Abstract

Habitat loss, the reduction of the habitat area available, is known to greatly reduce resident species' expected time to extinction. This process is widely recognized, if not adequately understood or quantified except in very simple models. However, it is not well understood how the time to extinction will change if the remaining habitat is distributed across a set of smaller, isolated patches, instead of being left in one single, continuous tract. The effect of habitat fragmentation on population persistence under demographic stochasticity has not been resolved. Specifically, it is not known whether a single large population will persist longer than an aggregate set of several smaller populations (with the same total size). Analytical studies of birth–death processes typically report the mean time to extinction for a single population as a function of the maximum population size, but omit higher moments. To estimate the overall persistence time, or the probability of extinction as a function of time, for a set of small populations, the entire distribution of extinction times must be known for a single population of each size. Knowing all the moments of the distribution of extinction times is not adequate, unless one can reconstruct the distribution from them. Here I analyse stochastic birth–death processes with linear density dependence in per capita birth and death rates, and obtain analytical expressions and numerical solutions for the distribution of extinction times in both subdivided and continuous populations.
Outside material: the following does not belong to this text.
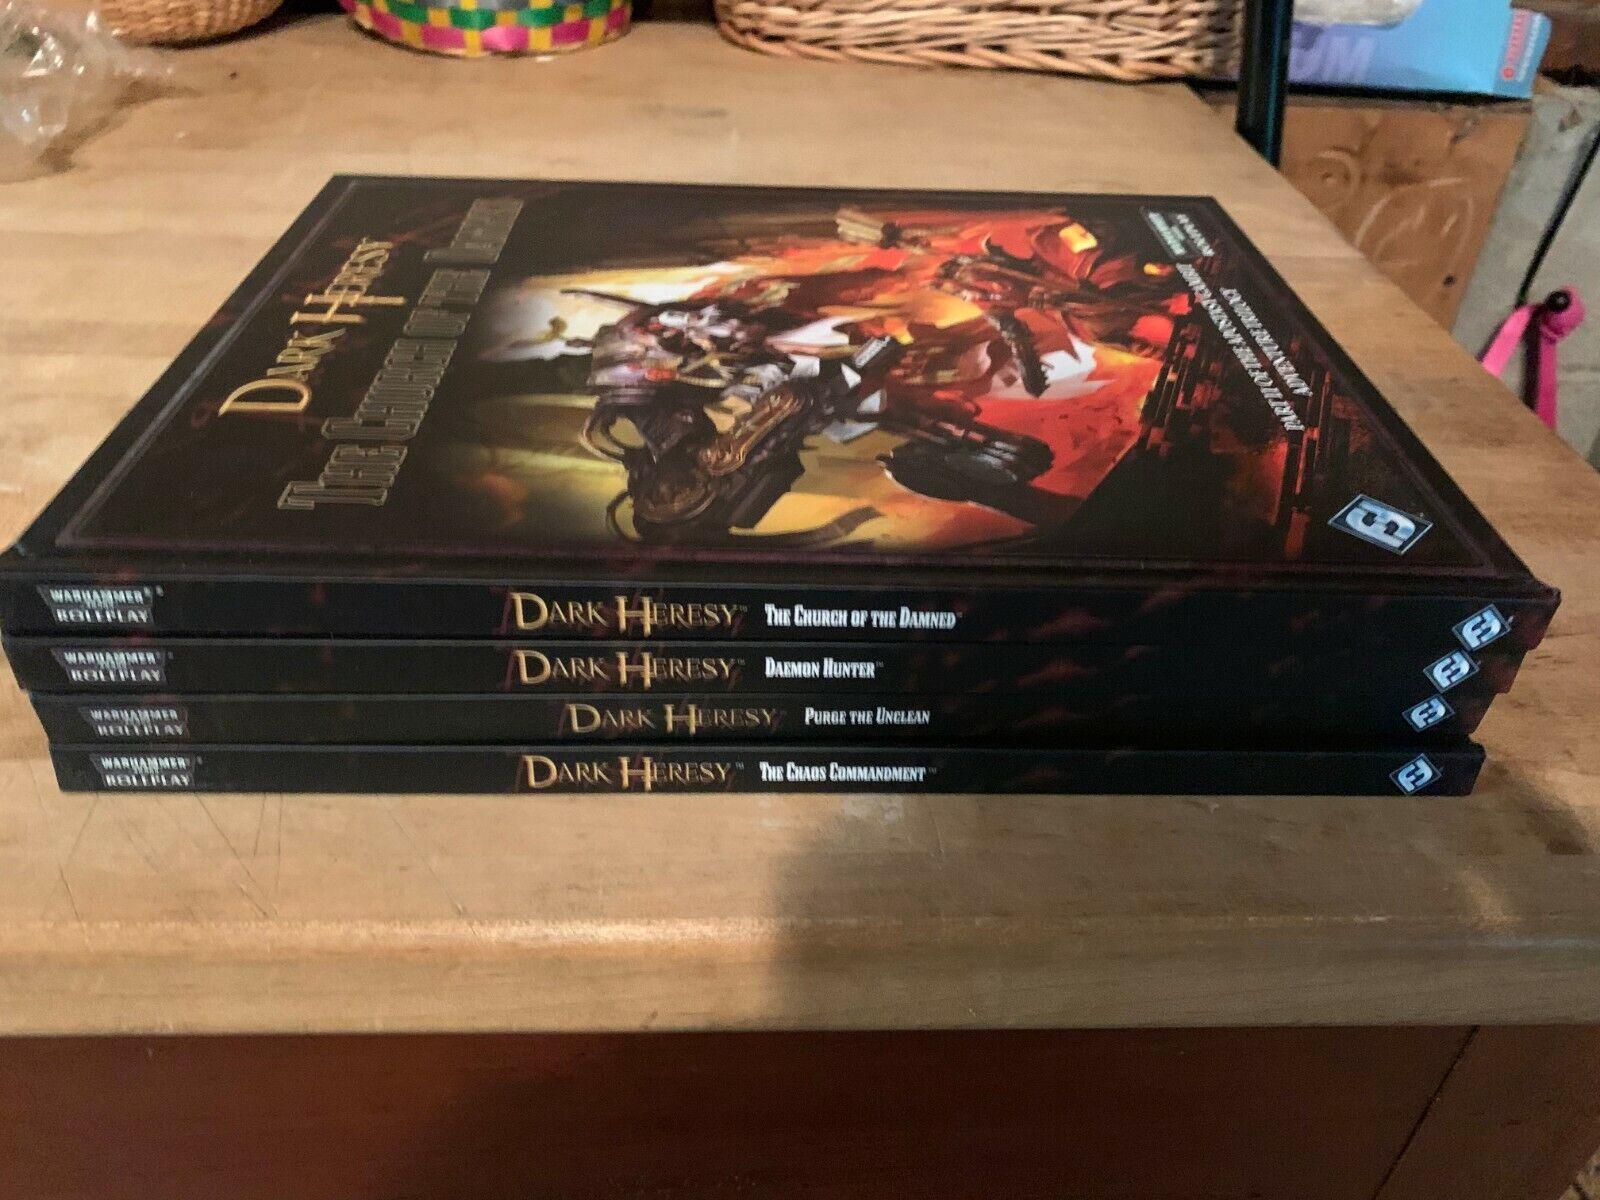 Ffg Dark Heresy Rpg Lot 4 Books Brand New Hardcovers Warhammer 40k Roleplaying

This is a single-species model that deals with demographic stochasticity only, and assumes independence of extinction events in different patches. These assumptions are relaxed elsewhere. Habitat fragmentation, even without any loss of overall area, has a great and detrimental effect on the persistence time of populations across all temporal and spatial scales. The effect is similar across spatial scales, but shifted in time—larger populations take longer to go extinct but the extinction risk relative to that of a smaller or more fragmented population is the same across spatial scales for the available habitat.